A Case New Holland (CNH), do Grupo Fiat, vai transformar o município de Sorocaba (SP) em base global de exportações de peças, máquinas agrícolas e também maquinário voltado à construção civil.
É a primeira unidade do grupo com esse perfil no mundo, segundo a empresa.
Para o novo status, a fábrica do grupo localizada no município, desativada desde 2001, voltará a produzir no próximo ano. Também será construído em Sorocaba um centro de distribuição de 60 mil metros quadrados. A nova central substituirá a que fica atualmente em Itu (SP).

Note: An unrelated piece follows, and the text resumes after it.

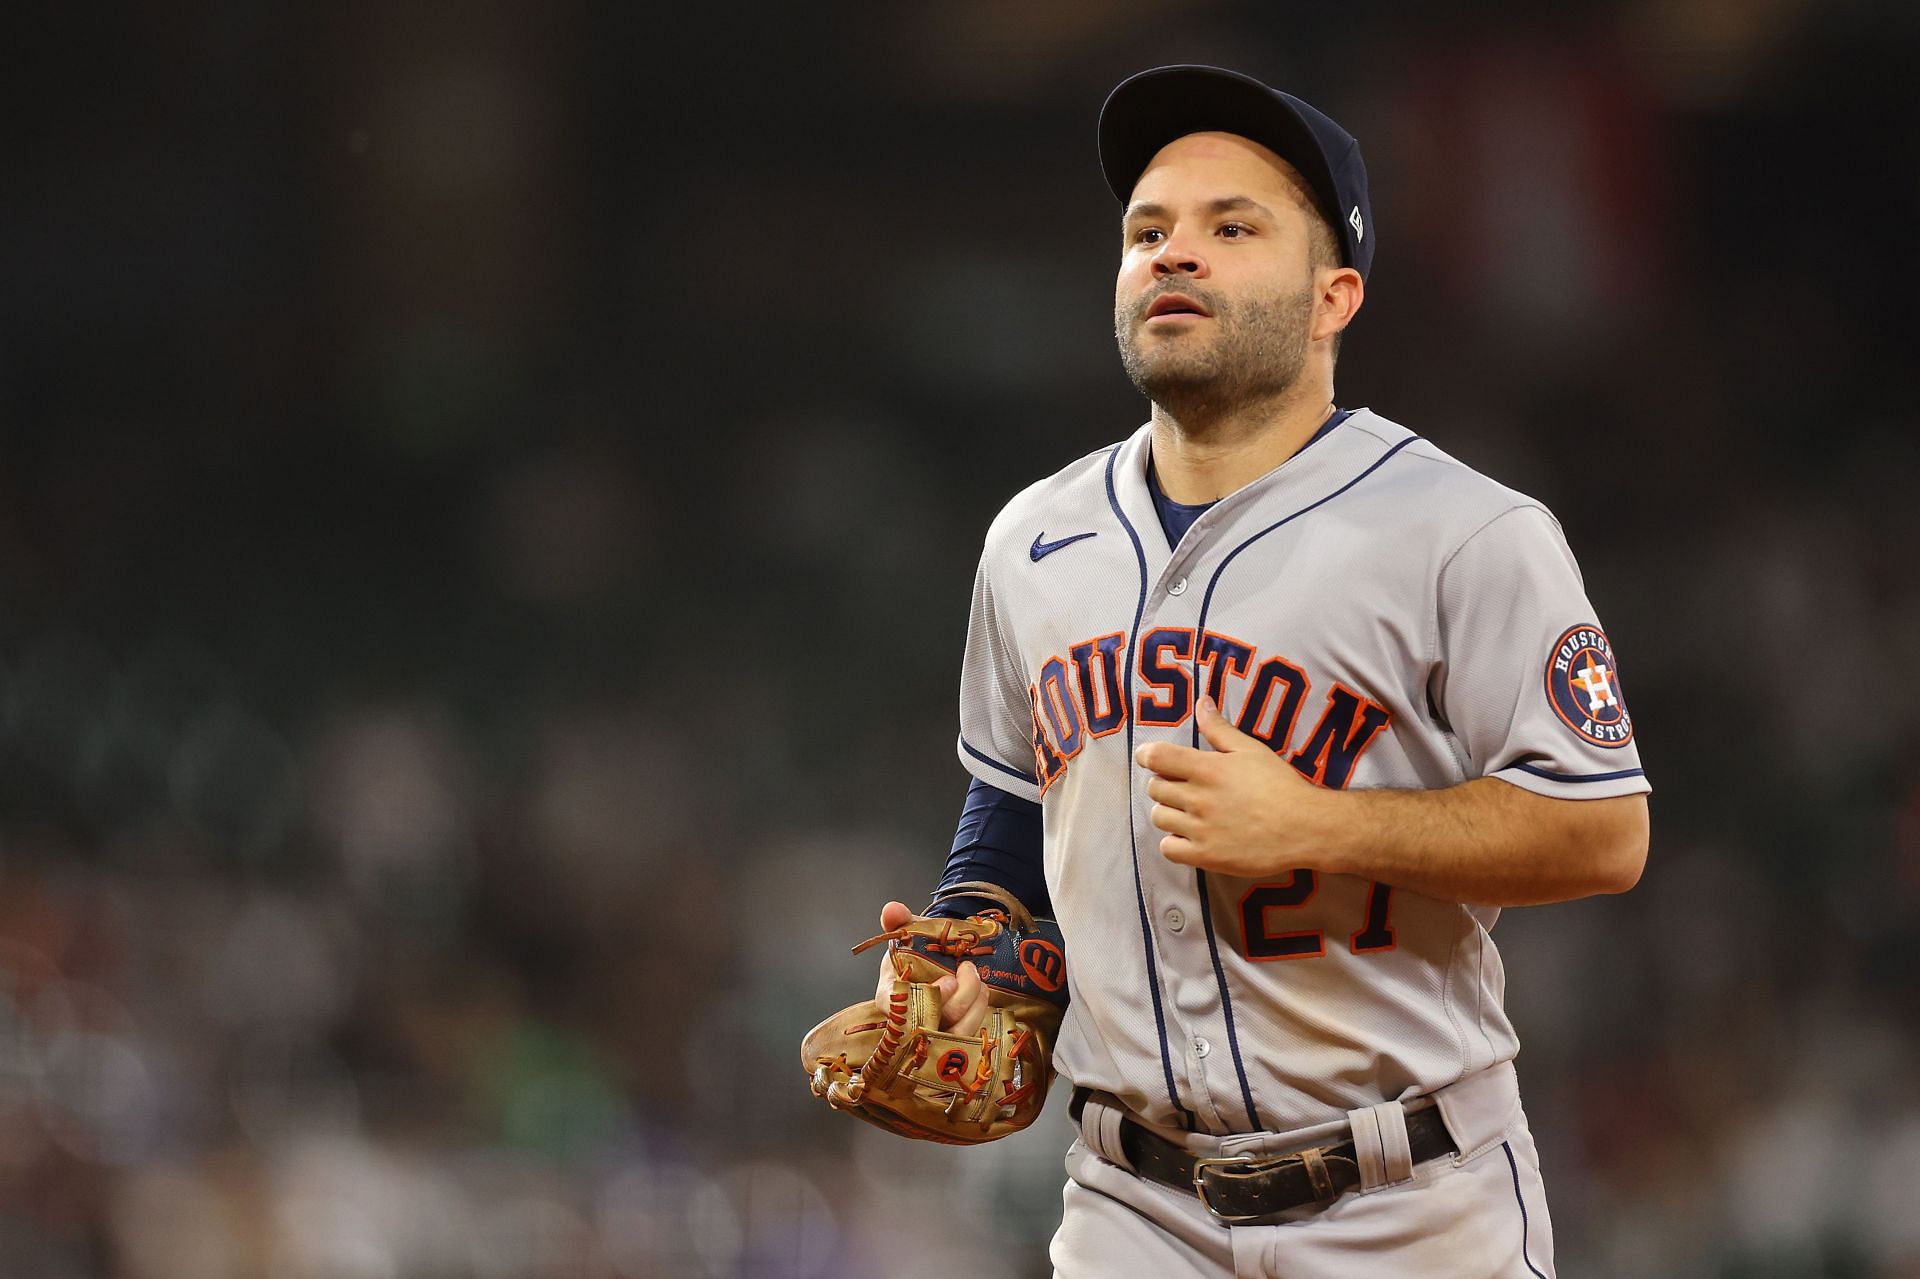 Not every team cheats…. But the Astros sure did Cause they're the players  who brought them a parade - MLB Reddit speculates why Houston Astros fans  celebrate tainted players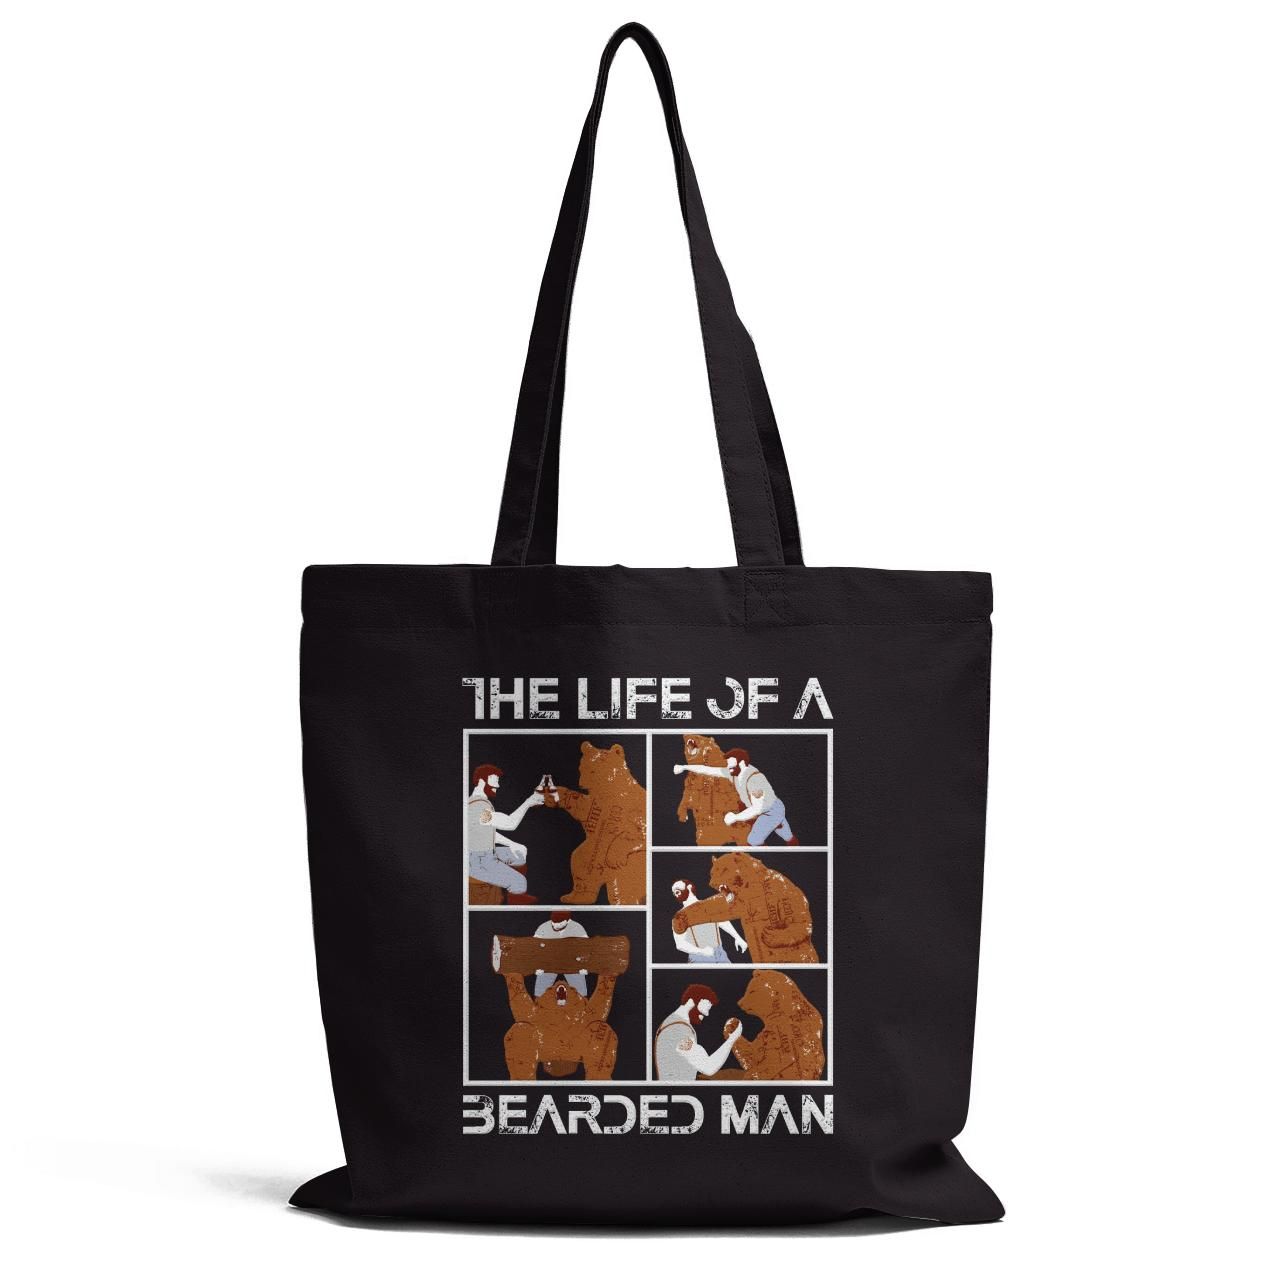 The Life Of A Bearded Man Tote Bag

A CNH apresentou na quinta-feira os detalhes do projeto de reativação da unidade. A reativação consumirá investimento de R$ 987 milhões, montante que já inclui R$ 150 milhões para capital de giro. As obras civis receberão aporte de R$ 310 milhões. A reativação da fábrica estava na programação de investimentos do Grupo Fiat para o período 2007-2010.
A planta produzirá apenas máquinas da linha Case. A empresa não revelou que tipo de máquina será produzido em Sorocaba, mas afirmou que não serão feitas na cidade a linha de máquinas voltadas às plantações de cana-de-açúcar, concentradas na fábrica de Piracicaba (SP), e os tratores.
Não será uma simples reativação da unidade, segundo o presidente da Case New Holland para a América Latina e vice-presidente do Grupo Fiat, Valentino Rizzioli. A planta, que empregava 600 pessoas em 2001 e de onde saíam 500 máquinas por ano, passará a ter 1.200 empregados. Sua capacidade instalada será elevada para 8 mil unidades anuais.
"Aquele era um momento muito difícil no Brasil", disse Rizzioli sobre a situação do mercado de máquinas quando a unidade foi fechada. "Mas sabíamos que, de uma forma ou outra, o mercado ia se recuperar. Com a capacidade de sua economia, o Brasil não podia ficar nos níveis em que estava, que eram extremamente baixos". Em 2001, ano de fechamento da planta, foram produzidas 44,3 mil máquinas agrícolas no país. O volume é praticamente a metade das 85 mil unidades que o setor prevê produzir em 2008, segundo a projeção mais recente feita pela Associação Nacional dos Fabricantes de Veículos Automotores (Anfavea).
A capacidade instalada da renascida unidade da CNH será de 8 mil máquinas, mas a previsão é de que serão fabricadas 4,5 mil unidades em 2010. Dois terços desse volume será de máquinas agrícolas, afirmou o diretor de relações externas da empresa, Milton Rego. O restante será de maquinário voltado à construção civil. Com a retomada da planta, a capacidade total das quatro unidades da CNH no Brasil, que é atualmente de 28 mil máquinas, crescerá quase 30%.
Como será também uma central de distribuição de peças para as outras unidades, a perspectiva é que as demais fábricas também elevarão sua produção, diz Rizzioli. A CNH tem plantas também em Curitiba e Contagem (MG).